One job-market indicator scrutinized by Fed Chair Jerome Powell -- the number of jobs available per unemployed person in the country -- rose to about 2 in July.
Combined, the figures show rock-solid labor demand and resilient household demand even as US central bankers step harder on the monetary policy brakes. Without a commensurate slowdown in consumer spending and an easing of wage pressure, the Fed’s fight to bring inflation down from decades-high levels will be that much more difficult.
“The Fed’s efforts to temper demand for labor still have a long way to go,” Wells Fargo & Co. economists Sarah House and Michael Pugliese said in a note. “The ratio of job openings per unemployed worker rebounded back up to 2.0 in another sign that the stark imbalances between the supply and demand for workers have yet to ease, let alone resolve.”
Powell said in a speech Friday at the Kansas City Fed’s annual policy forum in Jackson Hole, Wyoming, that bringing price pressures down toward the Fed’s 2% target was the central bank’s “overarching focus right now.”
Fed officials lifted rates by 75 basis points at each of their last two meetings and Powell has said that another unusually large increase of this size could be on the table when they next meet Sept. 20-21. Policy makers have said the decision will be determined by economic data, including the monthly jobs report due Friday and another update on consumer prices that will be released in two weeks.

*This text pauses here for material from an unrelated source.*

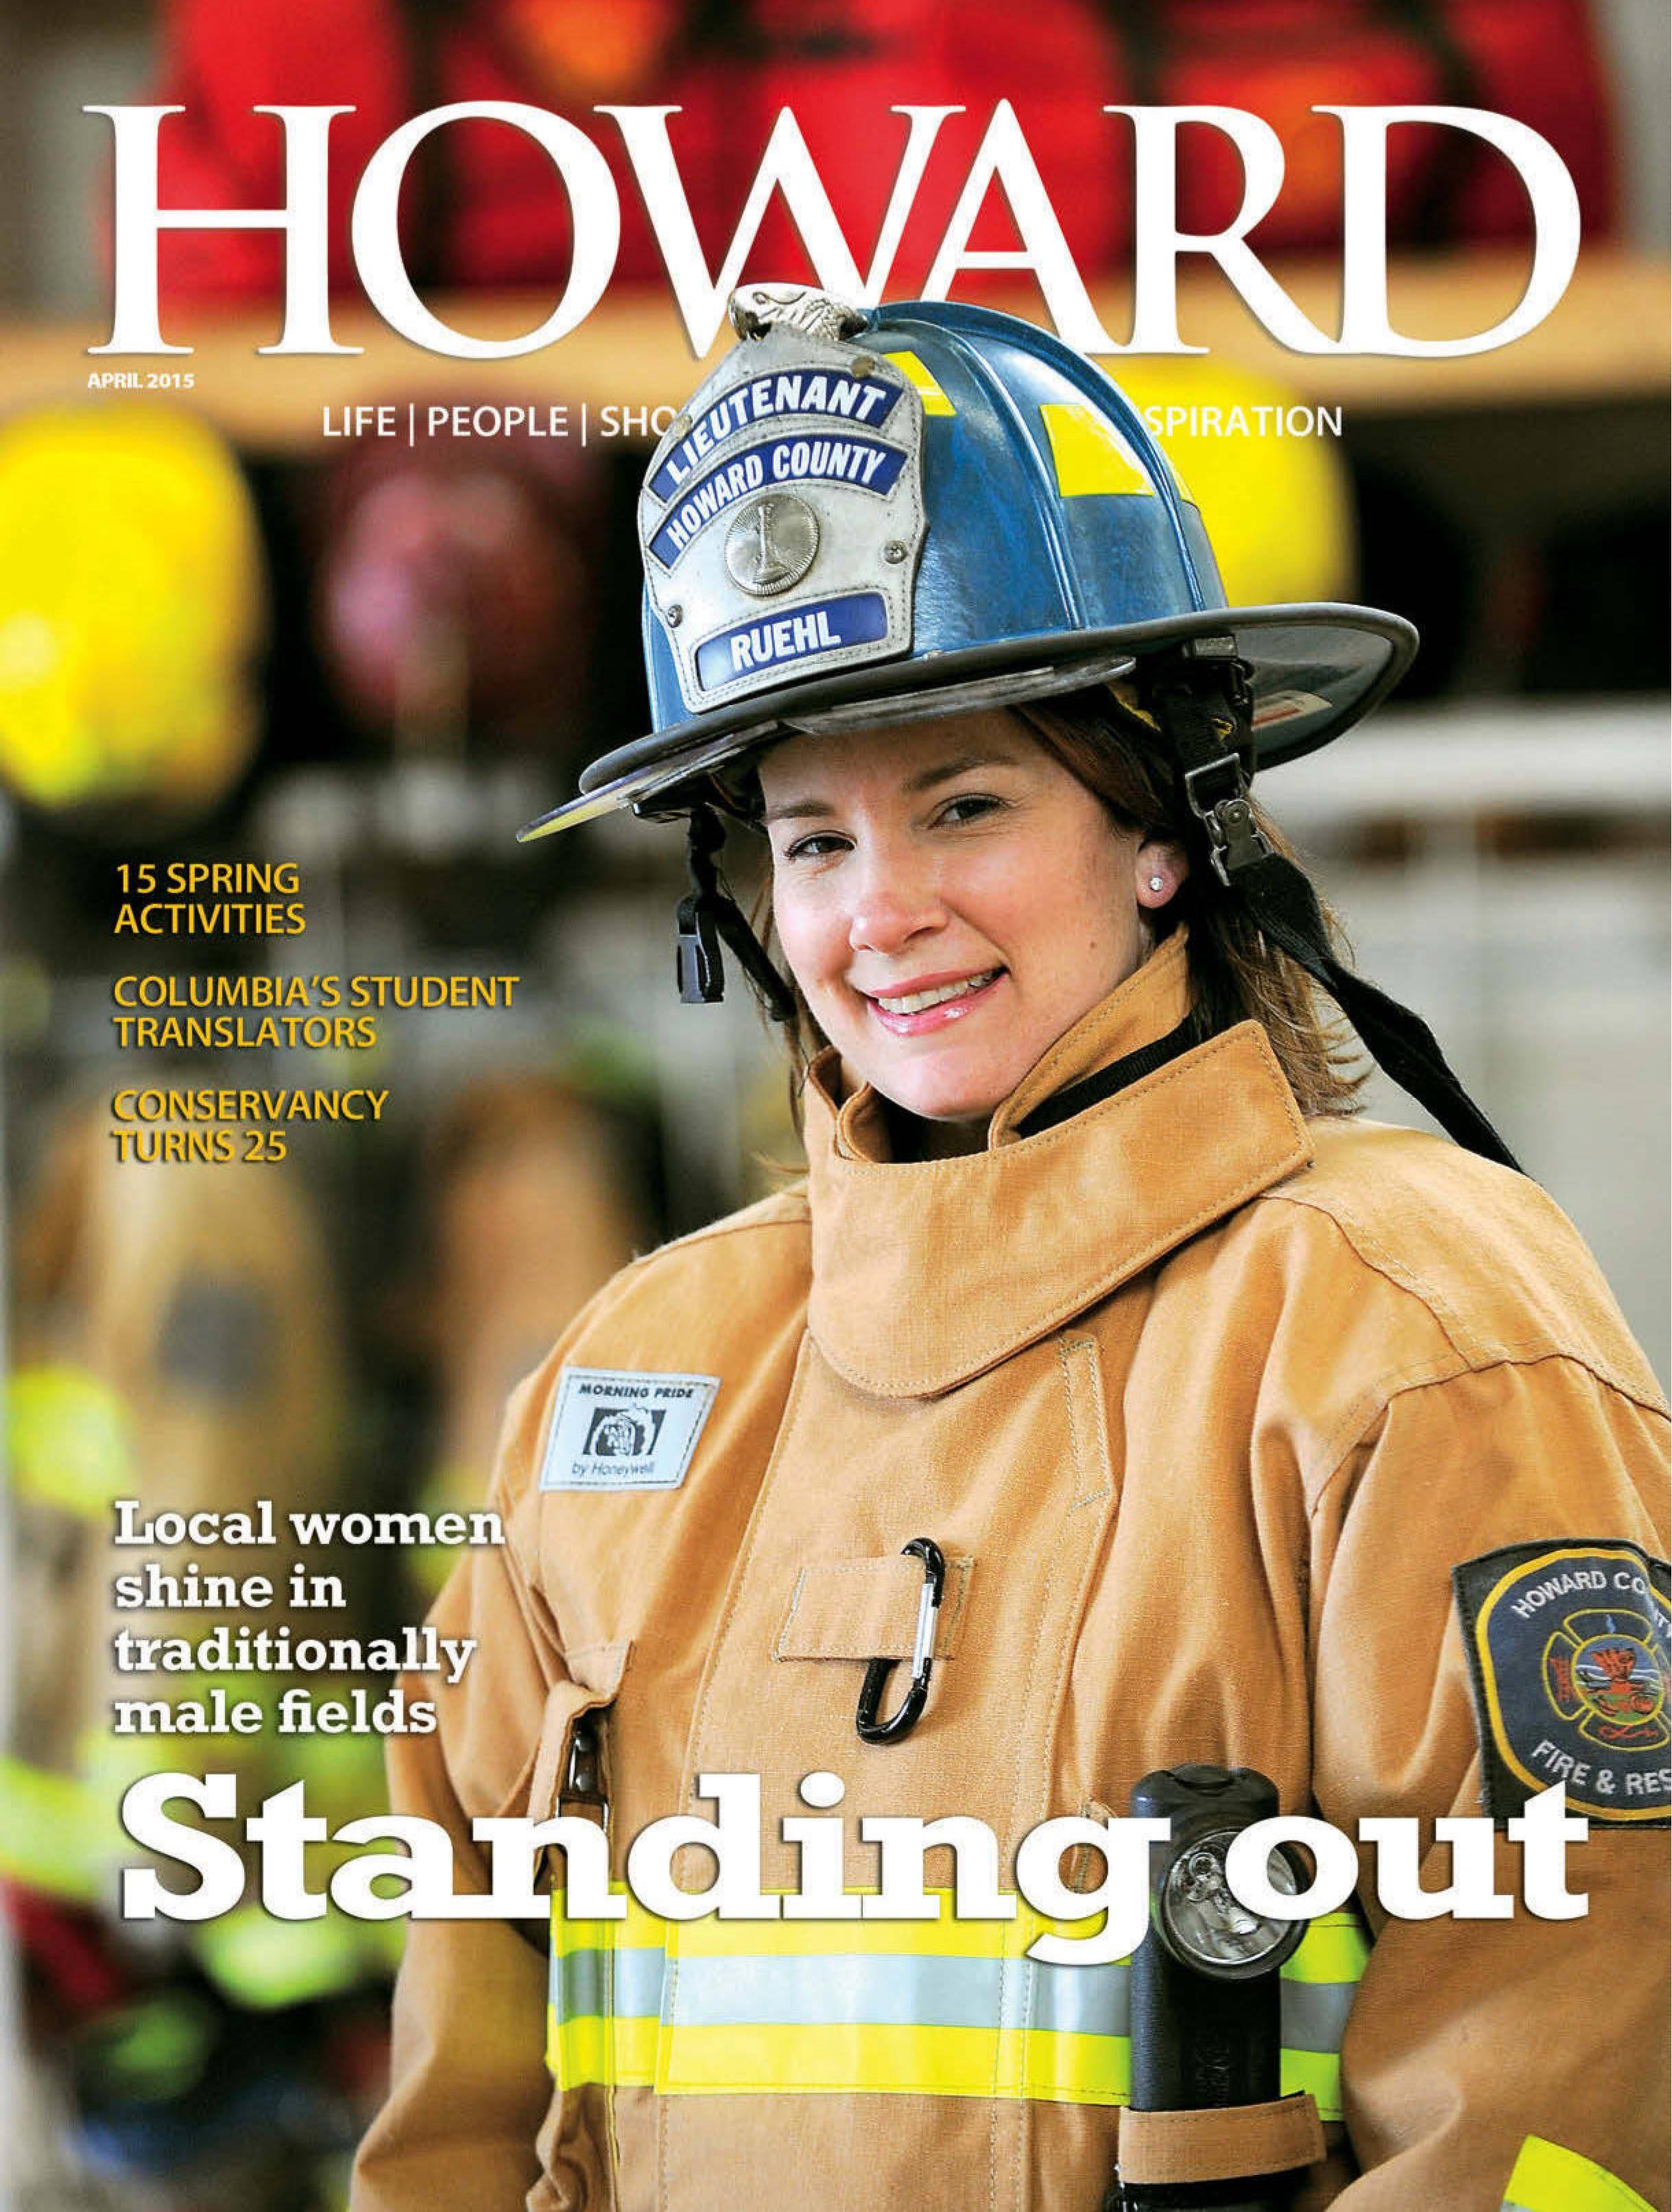 Howard Magazine - April 2015

The surprise strength in Tuesday’s indicators suggests that labor demand isn’t likely to abate soon, in spite of the rising interest rates. The consumer confidence gauge showed that Americans are growing more optimistic about the economy amid falling gasoline prices -- even as the costs of other essential items including food continue to rise at a quick pace.
“That lends itself to the narrative that if consumers are more confident, they’ll keep on spending, and maybe that means inflationary pressures that will keep the Fed on their tightening path,” said Derek Holt, an economist at Scotiabank who expects the Fed to raise rates by 75 basis points in September.
Following hawkish comments from Powell and other policy makers in Jackson Hole, investors are leaning toward a 75-basis-point hike, according to prices of futures contracts linked to the US central bank’s benchmark rate.
US REACT: Confidence in Labor Outlook to Stiffen Fed Resolve
On the job-market front, vacancies have exceeded 11 million for eight-straight months and the unemployment rate remains historically low.
Some of the largest increases in vacancies were in retail trade, and transportation, warehousing and utilities. Arts, entertainment and recreation also posted more openings from the prior month, and so did federal government and state and local government education.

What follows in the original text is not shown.